Through the following two examples, you will see a juxtaposition of writing style where the first exposition pukes facts out, albeit in an orderly fashion. When you read the second exposition, you will see a difference that should be evident. It should leave more behind detail, even if it took two extra paragraphs of prose.

Example #1

George was an imposing man, standing six foot five, a towering menace above the wee people who were of average size. Dirty blonde hair, cropped short, revealed a feint scar near the crown of his head, nothing more than a cracked skull complete with missing bone fragment from a training accident back in his Airborne days. His shoulders were broad enough to carry his massive head and provided the swagger of his walk. His big mouth was only quiet when he ate, and that happened often enough to keep him out of trouble.

It revealed tons of tattoos upon his body when he took his shirt off, which might happen for a fellow in need, or to show off for a fair maiden worthy of the Red Dragon impressed upon his left chest and bicep. The Yin-Yang, evident upon the opposing breast, was somewhat of a contrast to the crucifix on his right shoulder, while the eagle on his back, represented his soaring spirit.

His spirit flew high and mighty due to the pride he suffered through his association with the local chapter of the King’s Horsemen, an outlaw motorcycle club. He ate of his efforts often as he collected drug debts and retained a share for his efforts. Of course, once in a while, he would go further and the debtor would disappear.

Example #2

George Barrington was a pleasant sort of person, always thinking of others and putting them first when warranted. He was the type of guy who would take the shirt off of his muscular back and give it to you in need. He wasn’t even afraid to reveal his tattoos, which comprised several square inches of his chest, arms, and torso. They included a Red Dragon that spanned from the left pectoral onto his left bicep where the dragon’s head was blowing a fireball. The fireball aimed up into the sky was evidently a sign of the dragon’s prosperity and willingness to mate as sufficient circumstances unfolded, revealing his maturity.

The ever present Yin-Yang symbol, Taijitu, impressed upon the right breast, symbolized the balance of life that George continually strived to maintain. Although dwarfed by the massive dragon, Taijitu was still huge upon the man’s well developed pectoral. The yin, represented by his soaring spirit, that flew the heavens above his corporal body like the eagle stretched across his back. The yang, his earthly body, a temple sculpted through continual strain, was as important to George as it had been to the Christ.

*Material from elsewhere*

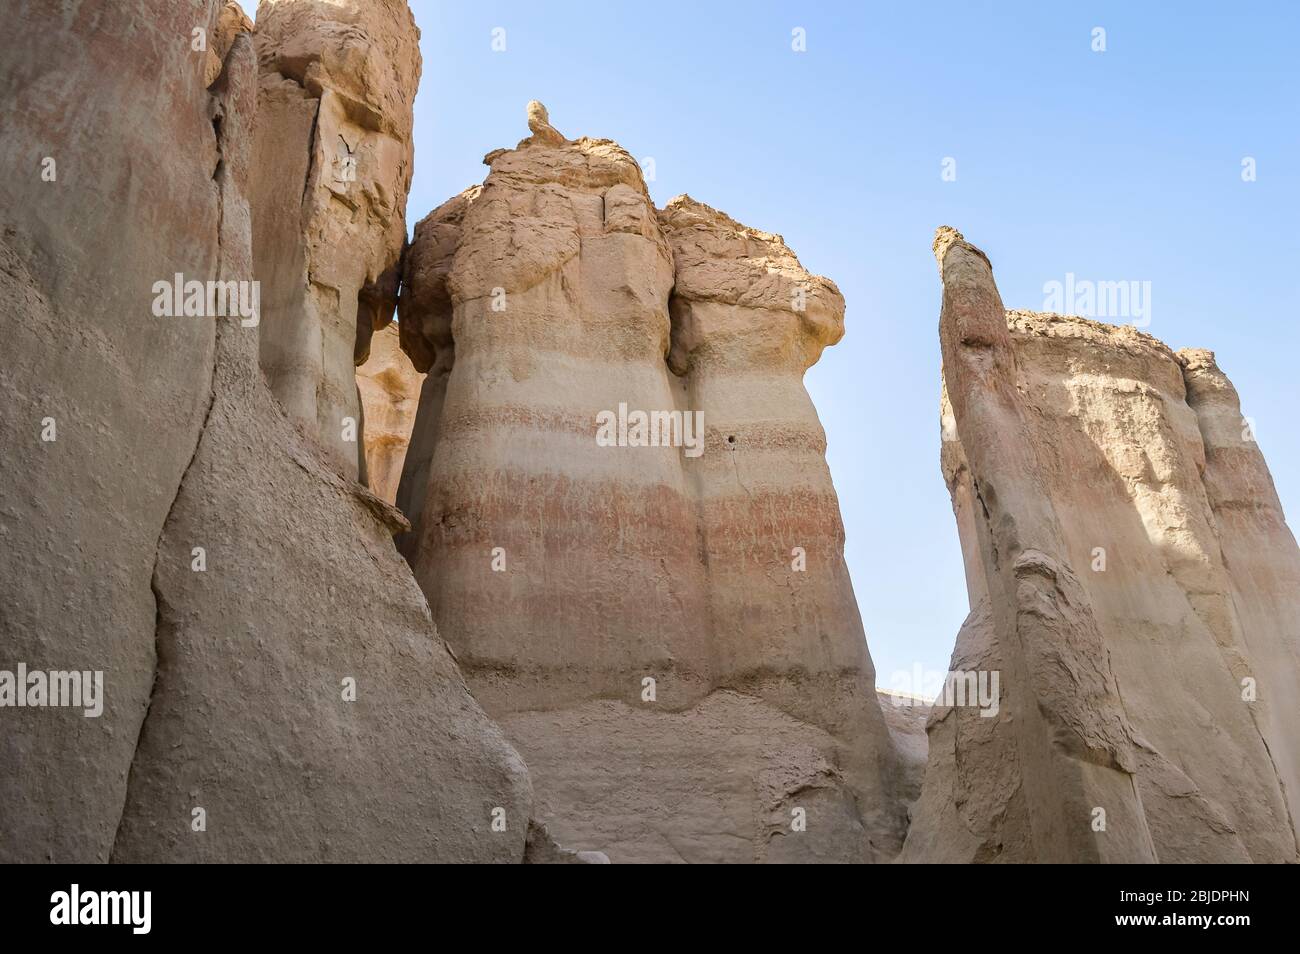 Natural formation of rocks and caves at Al Hasa eastern region of Saudi Arabia Stock Photo

The simple crucifix upon his right deltoid proved his allegiance to the Saviour went beyond mere lip-service and entered the realm of the holy warrior he saw himself as. Ever since leaving military life behind, Canadian Airborne had disbanded, and he didn’t want reassignment, so he ventured into another world. One filled with secrets and denial of existence… The Underworld. He had become what most dreaded in life, a paid enforcer for a local bike club who thought shaking the money tree was as routine as eating daily bread.

Bread he had a lot of, but morals he was skeptical of now that he had ventured out on a limb and guaranteed his own hanging… If the truth were to become known under sworn oath of testimony. He was sure the probability was low in that aspect cause the only witness would not have to testify against himself soon. He wasn’t thinking of the victim‘s impact statement, that was for sure, as they had gone missing in action.

George liked to think they were the enemy when it came down to it, not to justify the murder, but to indicate that they were the enemy… The club’s enemies, who feared him. Not always rivals from another club, but the foes of humanity who had crossed some imaginary boundary… Transgressed too far. By the appointed hour they were time and time again warned to stop… Desist… Cease Fire. By then, the fire was where they deserved to be and all they would ever again know.